SUMMARY OF THE INVENTION
[0005] One embodiment of the present method and apparatus for
reducing spam on a peer-to-peer network includes determining, in
accordance with a list of known spammer nodes, whether a responding
node offering data for download is a known spammer node. If the
responding node is a known spammer node, communication from the
responding node is discarded. However, if the responding node is
not a known spammer node, the offered data is retrieved from the
responding node. If it is then determined that the retrieved data
does, in fact, include spam, at least one other node on the network
is notified that the responding node has sent spam. This
information then allows the other node to determine whether or not
it would like to receive data from the responding node in the
future.
BRIEF DESCRIPTION OF THE DRAWINGS
[0006] So that the manner in which the above recited embodiments of
the invention are attained and can be understood in detail, a more
particular description of the invention, briefly summarized above,
may be obtained by reference to the embodiments thereof which are
illustrated in the appended drawings. It is to be noted, however,
that the appended drawings illustrate only typical embodiments of
this invention and are therefore not to be considered limiting of
its scope for the invention may admit to other equally effective
embodiments.
[0007] FIG. 1 is a schematic diagram of a network of nodes
interacting in a peer-to-peer manner;
[0008] FIG. 2 is a flow diagram illustrating one embodiment of a
method for sharing information concerning known spammers over a P2P
network; and
[0009] FIG. 3 is a high level block diagram of the spam reduction
method that is implemented using a general purpose computing
device.
[0010] To facilitate understanding, identical reference numerals
have been used, where possible, to designate identical elements
that are common to the figures.
DETAILED DESCRIPTION
[0011] In one embodiment, the present invention is a method and
apparatus for reducing spam on a P2P network.

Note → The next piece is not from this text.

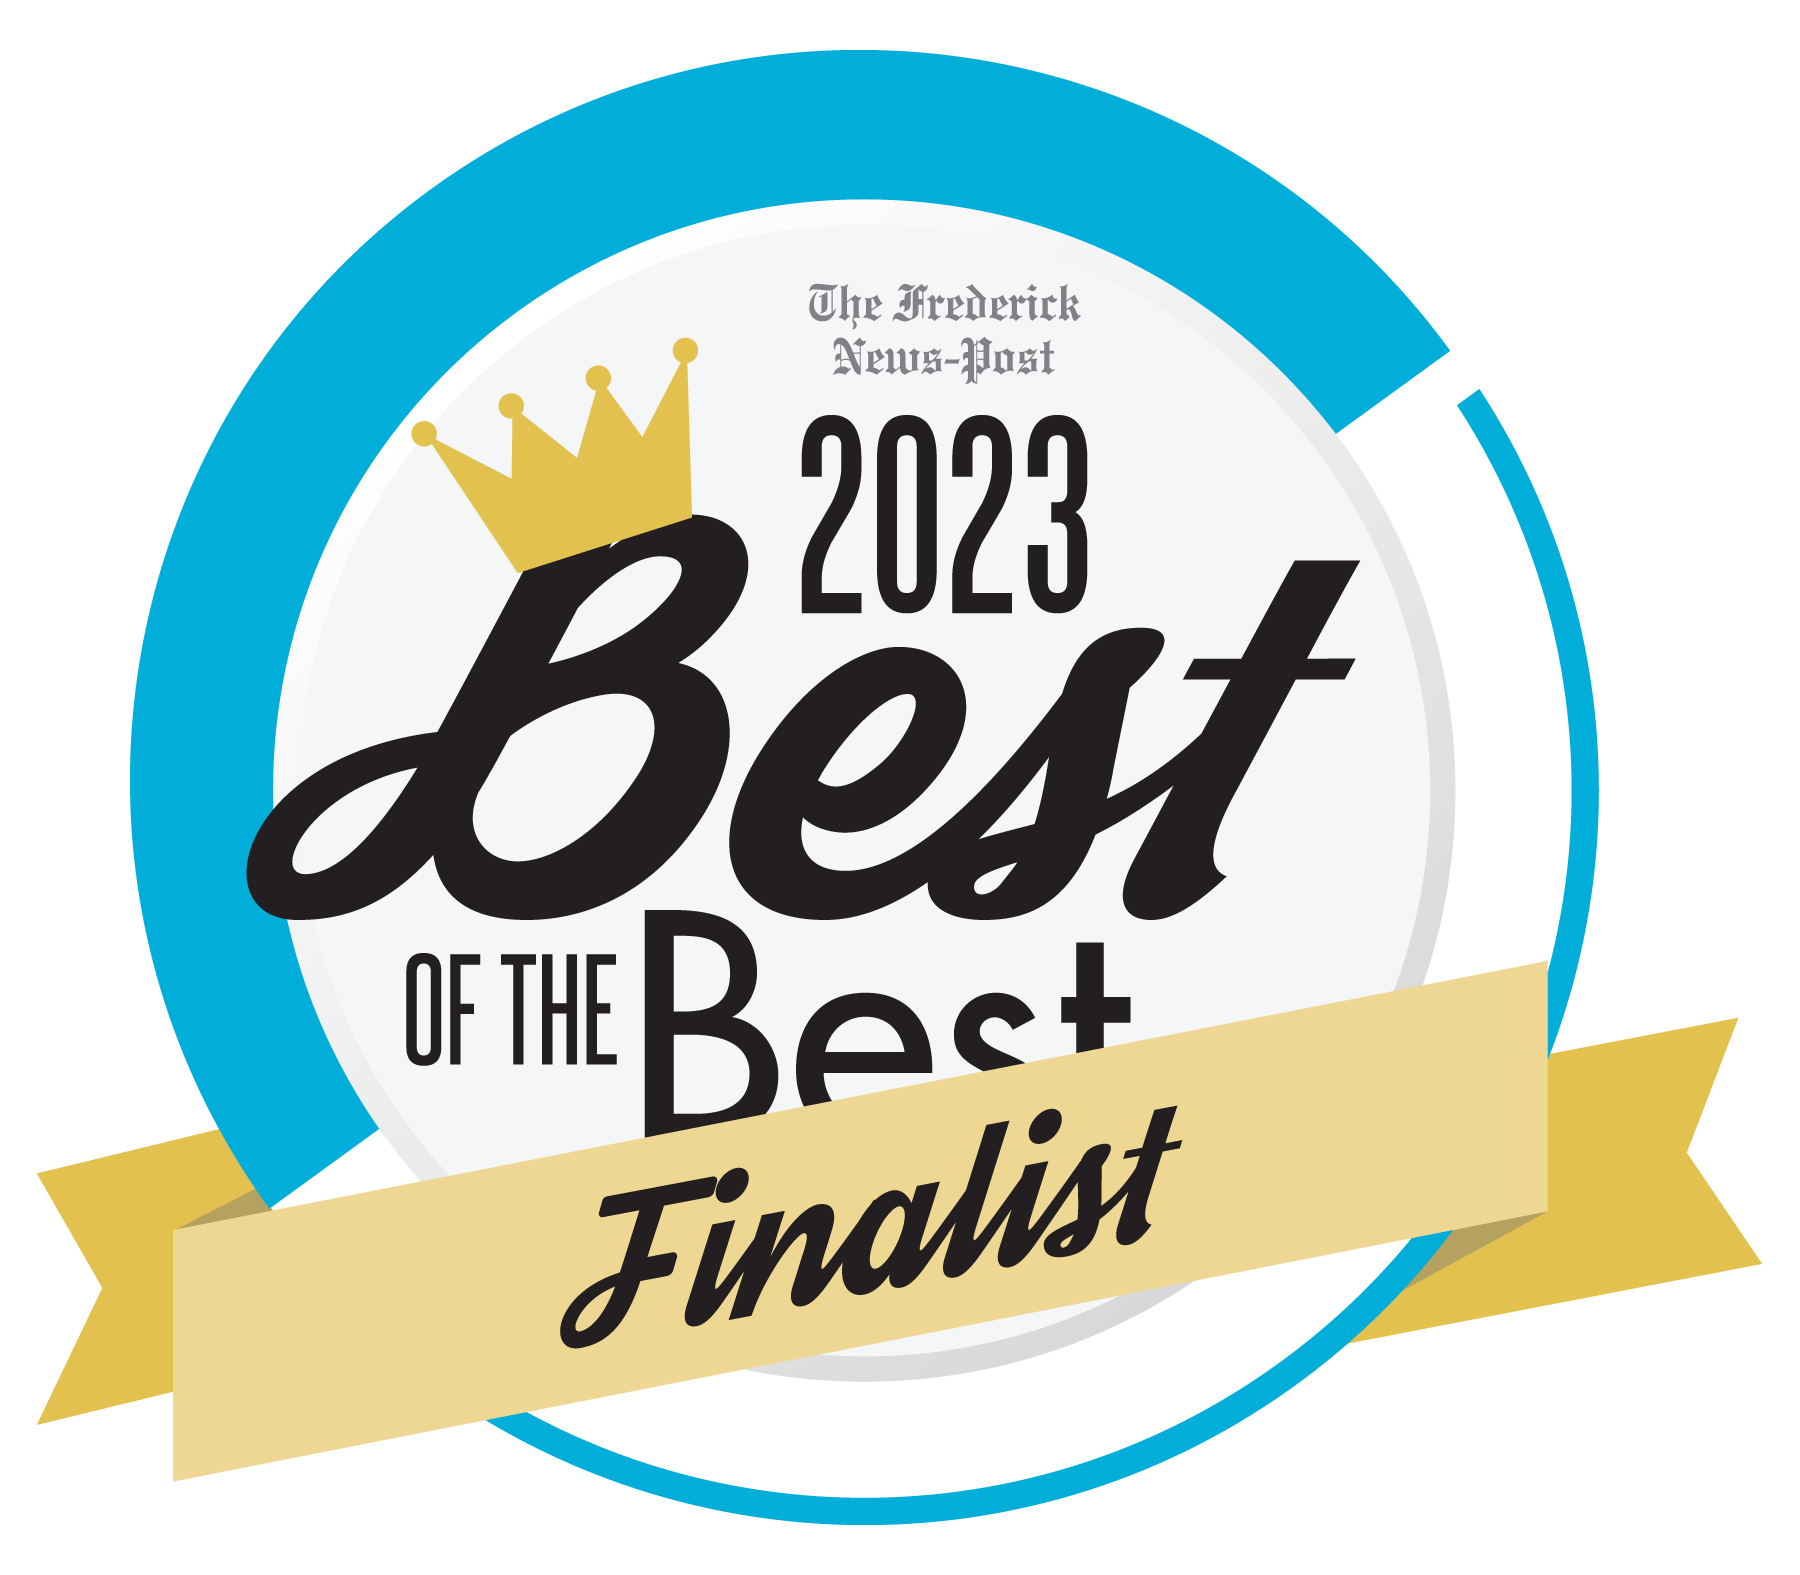 The Frederick News-Post 2023 Best of the Best Finalist
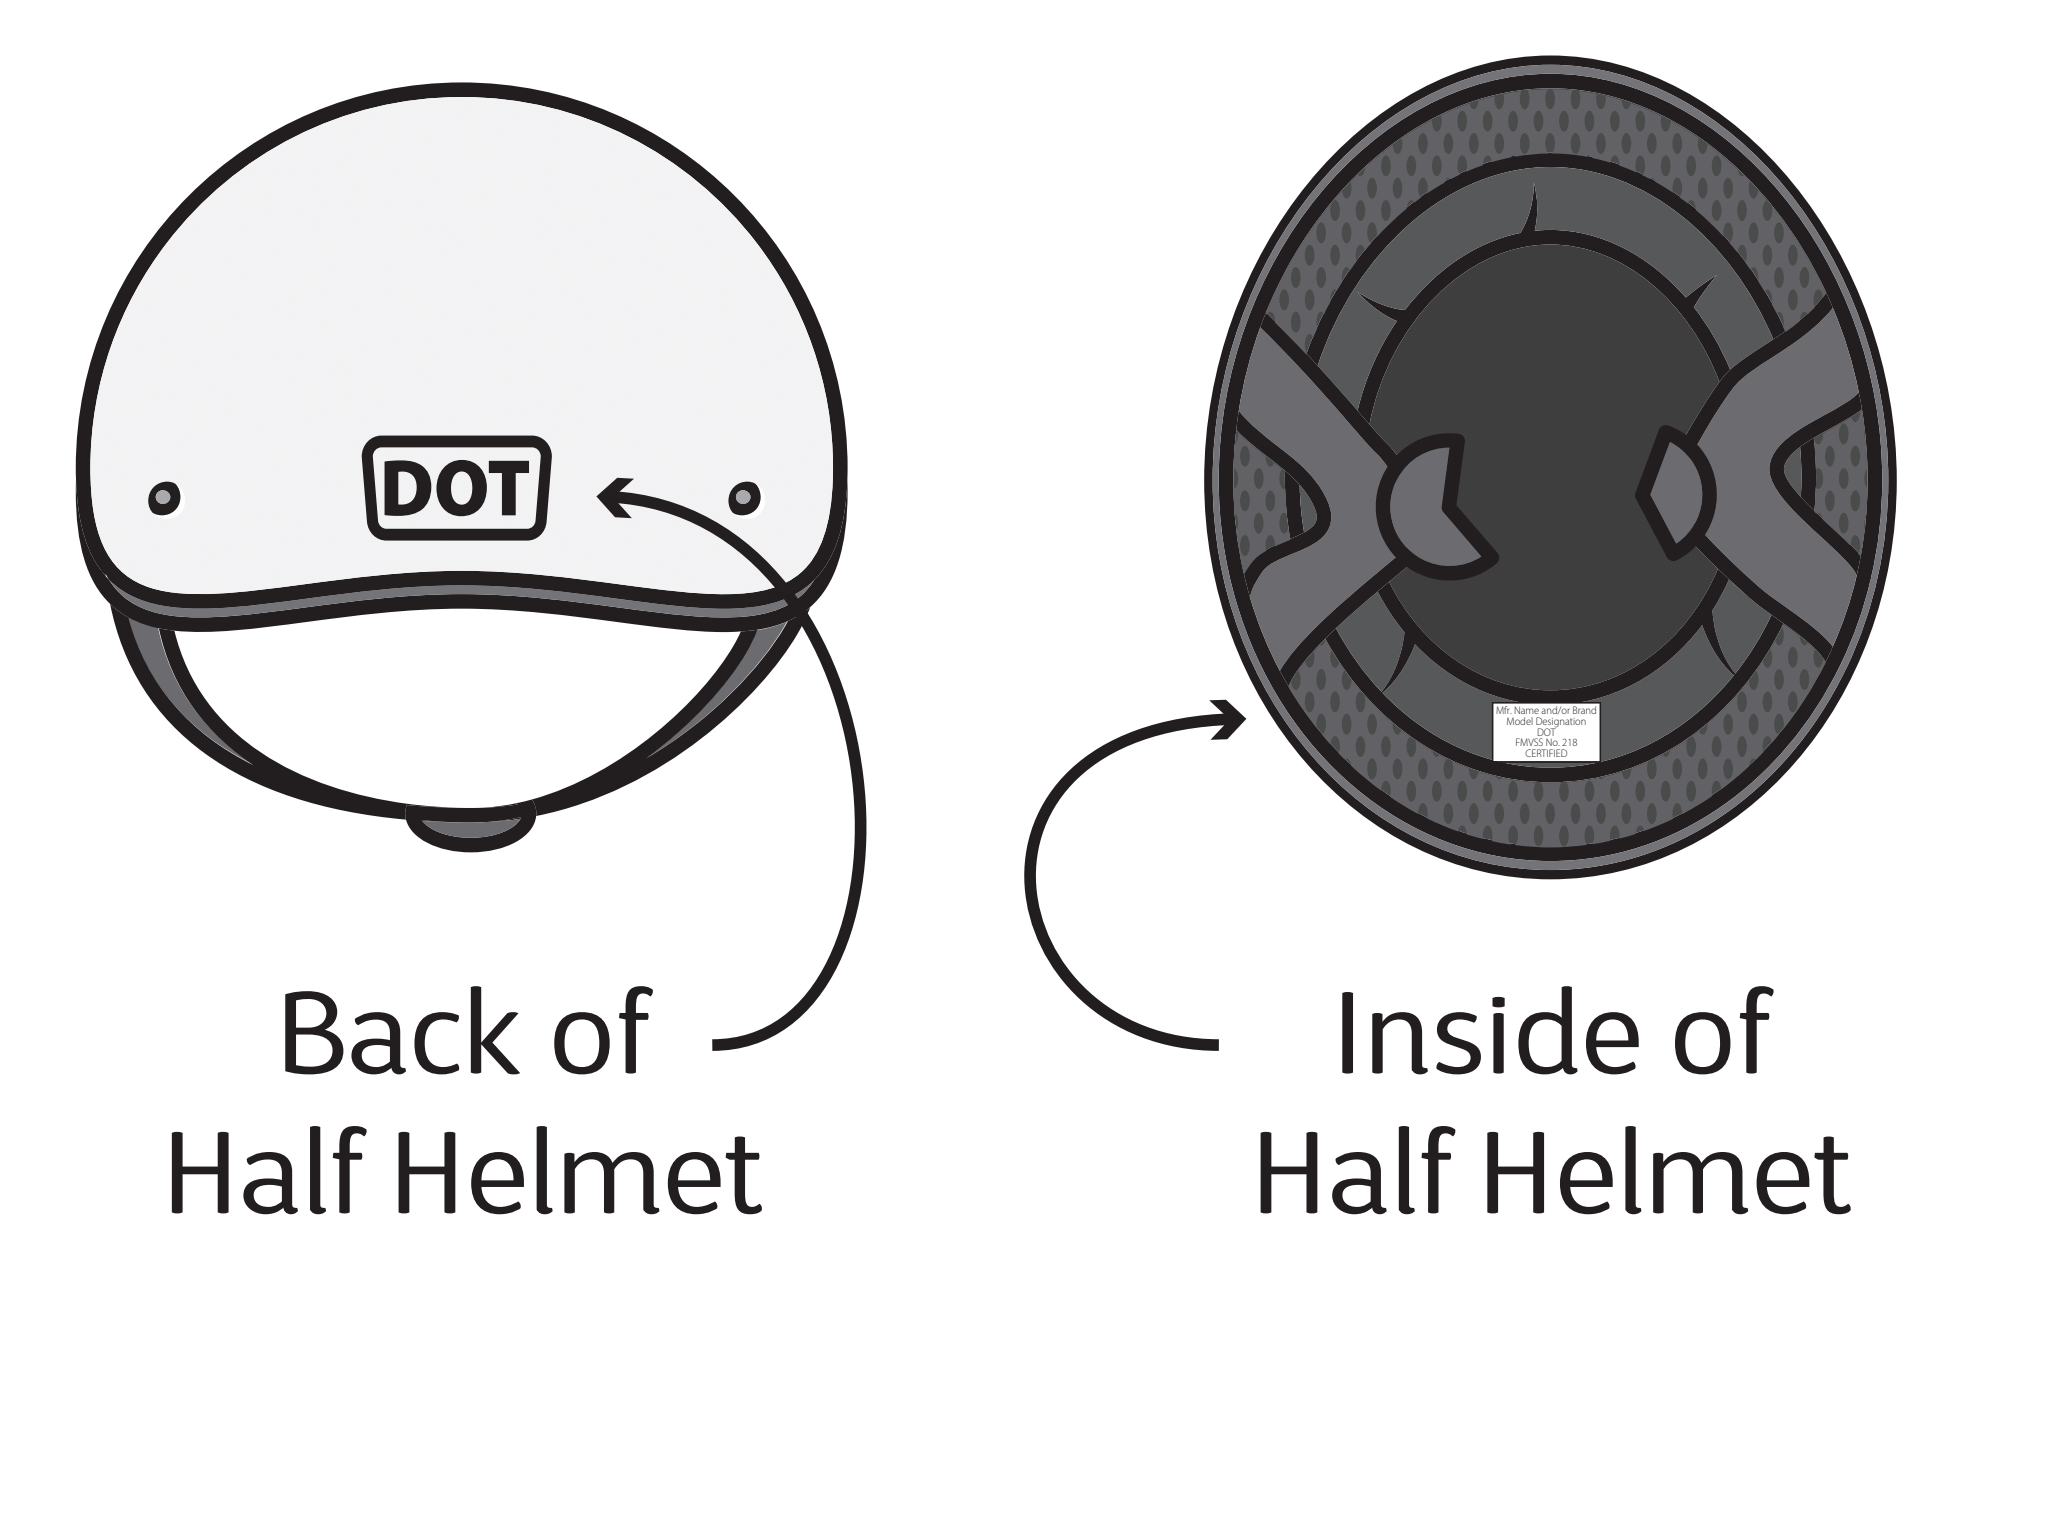 image of the back and inside of a half helmet

Embodiments of the
present invention enable nodes on a P2P network to share
information regarding known spammers (e.g., nodes on the P2P
network that have sent spam), for example by propagating spammer
notification messages through the P2P network when spam is received
from a sender node. These spammer notification messages are used to
maintain spammer lists at one or more nodes, so that when a node
receives a message over the P2P network, the node can check the
source's identity against the spammer list to ensure that the
source of the message is not a known spammer.
[0012] As used herein, the term "spam" means any unsolicited or
spoofed data or communications, including advertisements and
communications designed for "phishing" (e.g., designed to elicit
personal information by posing as a legitimate institution such as
a bank or internet service provider), among other data.
[0013] FIG. 2 is a flow diagram illustrating one embodiment of a
method 200 for sharing information concerning known spammers over a
P2P network. The method 200 may be implemented at, for example, any
node on a P2P network such as the network 100 illustrated in FIG.
1.
[0014] The method 200 is initialized at step 202 and proceeds to
step 204, where the method 200 sends a search request message over
the P2P network, e.g., in accordance with the P2P protocols
described with reference to FIG. 1. In step 206, the method 200
receives at least one response message in reply to the search
request message. That is, the received response message indicates
that the responding node has the data requested in the search
request message and/or offers this data for download.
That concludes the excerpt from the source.